AndreaGuarracino commented 1 year ago

This is a problem of odgi extract interface that is not super intuitive. You want

        --paths-to-extract=[FILE]         List of paths to keep in the extracted
                                          graph. The FILE must contain one path
                                          name per line and a subset of all
                                          paths can be specified. Paths
                                          specified in the input path ranges
                                          (with -r/--path-range and/or
                                          -b/--bed-file) will be kept in any
                                          case.

so try

odgi extract ... -p <(cut -f 1 18_paths_to_extract.bed | sort | uniq)

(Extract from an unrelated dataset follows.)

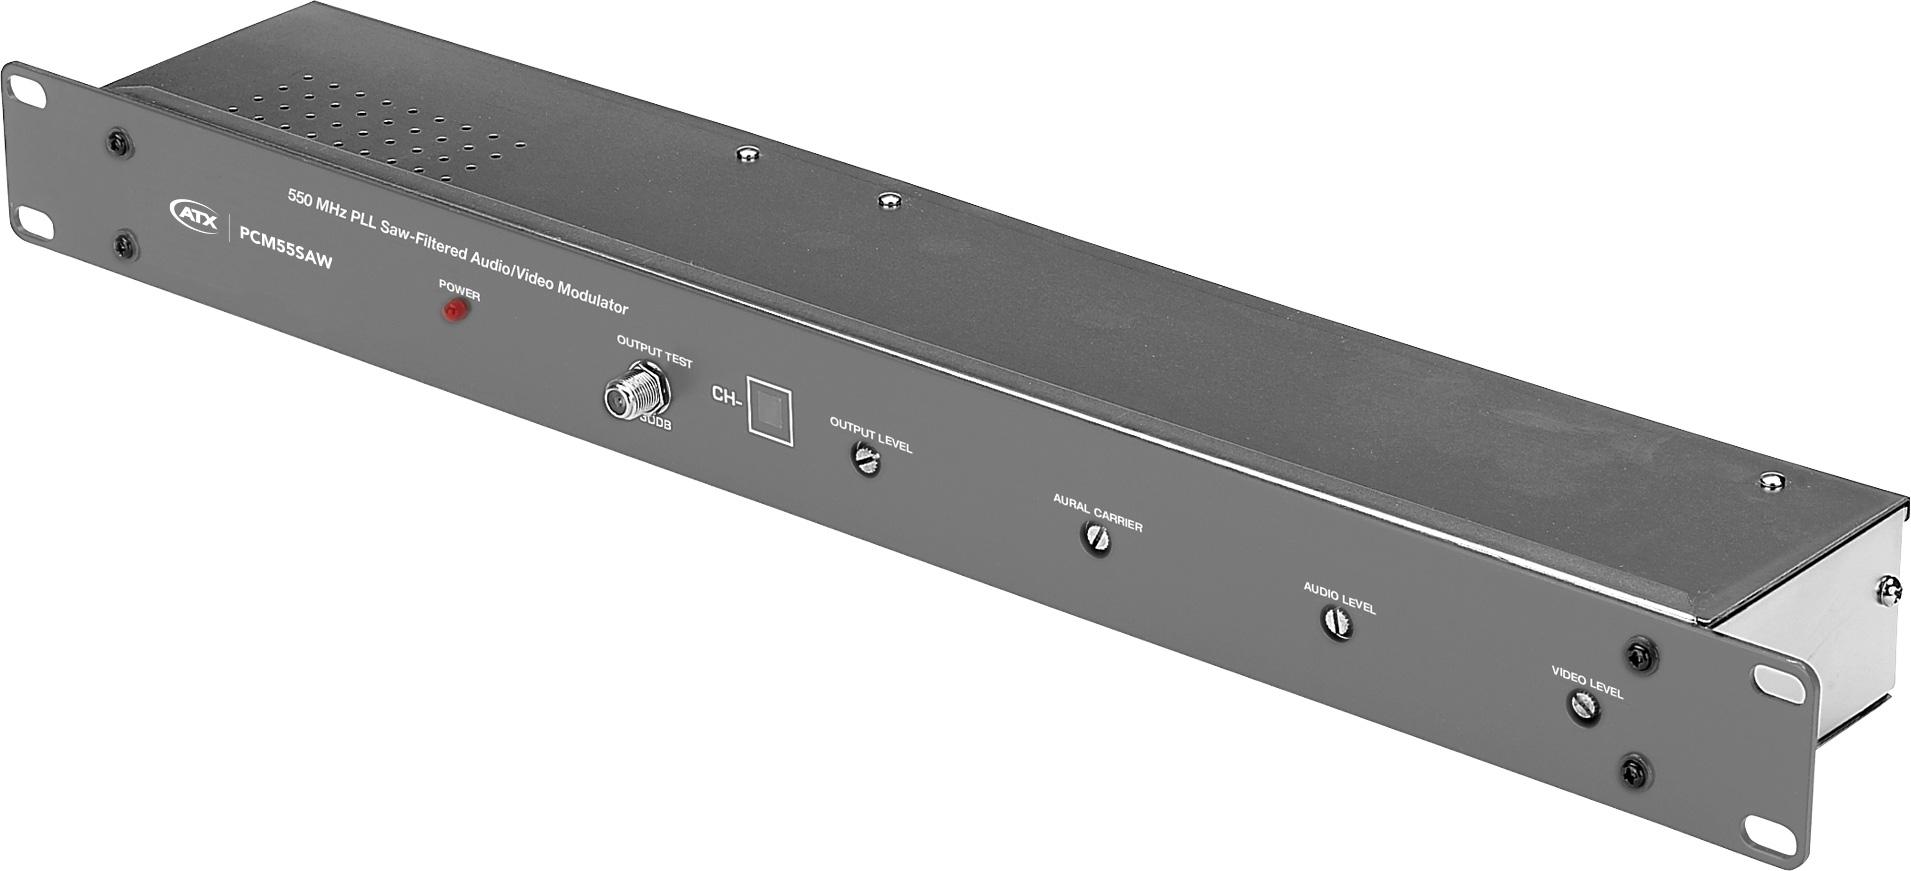 1 Channel Crystal A/V Modulator - Channel 8 PM-PCM55SAW-8
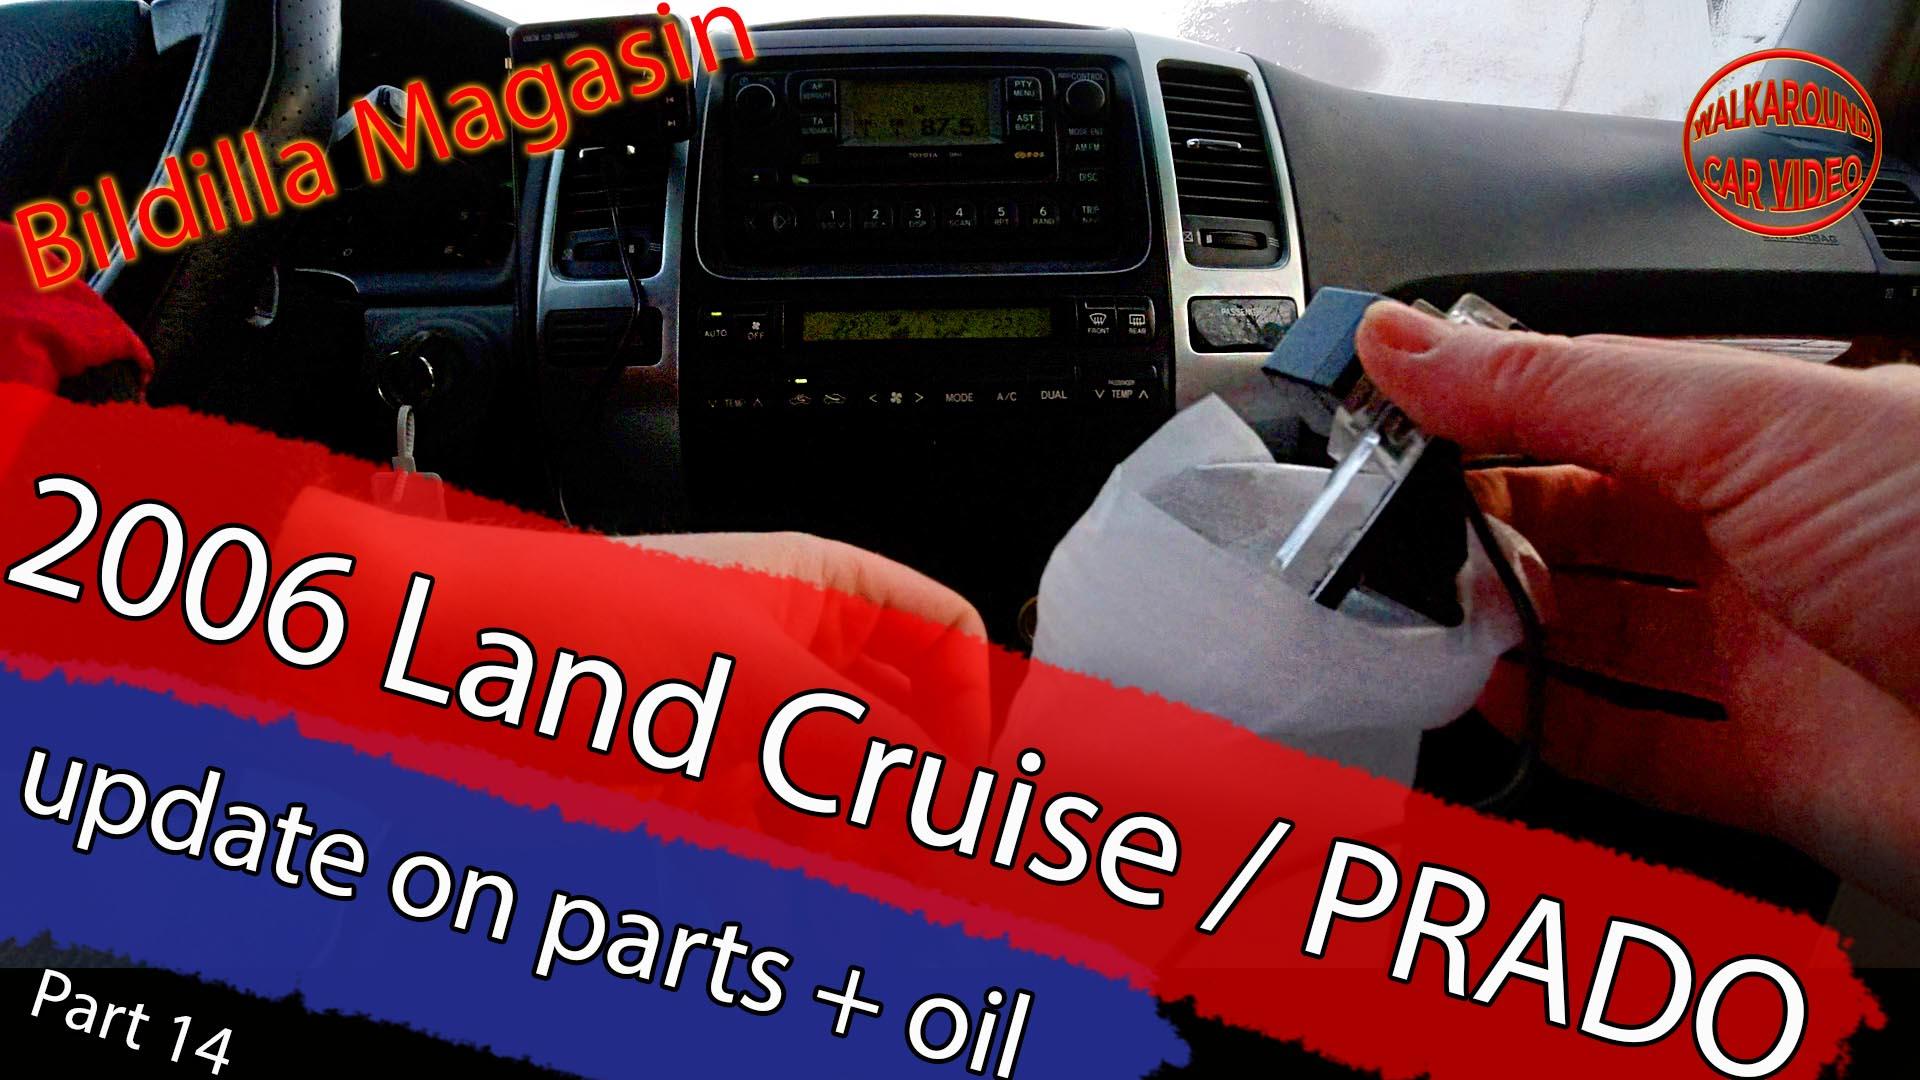 Land Cruiser 06 – del 14

subwaystation commented 1 year ago

I already am using -p, please take an exact look at my command above.

odgi extract -i chr6.hprc-v1.0-pggb.og -o chr6.hprc-v1.0-pggb.tomato.og -P -p 18_paths_to_extract.txt -t 28
ls -lisah chr6.hprc-v1.0-pggb.tomato.og
192399413 4.0K -rw-rw-r-- 1 ubuntu ubuntu 60 Aug 28 14:35 chr6.hprc-v1.0-pggb.tomato.og
cat 18_paths_to_extract.txt
chm13#chr6
grch38#chr6
HG01071#2#JAHBCE010000006.1
HG01071#2#JAHBCE010000042.1
HG01071#2#JAHBCE010000076.1
HG01071#2#JAHBCE010000081.1
HG01106#2#JAHAMB010000019.1
HG01106#2#JAHAMB010000032.1
HG01106#2#JAHAMB010000054.1
HG01106#2#JAHAMB010000082.1
HG01928#2#JAGYVP010000017.1
HG01928#2#JAGYVP010000027.1
HG01928#2#JAGYVP010000201.1
HG02622#2#JAHAON010000002.1
HG02622#2#JAHAON010000041.1
HG02622#2#JAHAON010000058.1
HG02622#2#JAHAON010000190.1
HG02622#2#JAHAON010000229.1

As expected, your suggestion only gives me an empty graph.

AndreaGuarracino commented 1 year ago

Can you also try without -E?

AndreaGuarracino commented 1 year ago

About the edges not supported by any path, yes, it is related to a recent bug I've fixed in smoothxg (https://github.com/pangenome/smoothxg/pull/194).

subwaystation commented 1 year ago

Leaving out -E does the trick. Thanks. Leaving this open so you can fix the bug.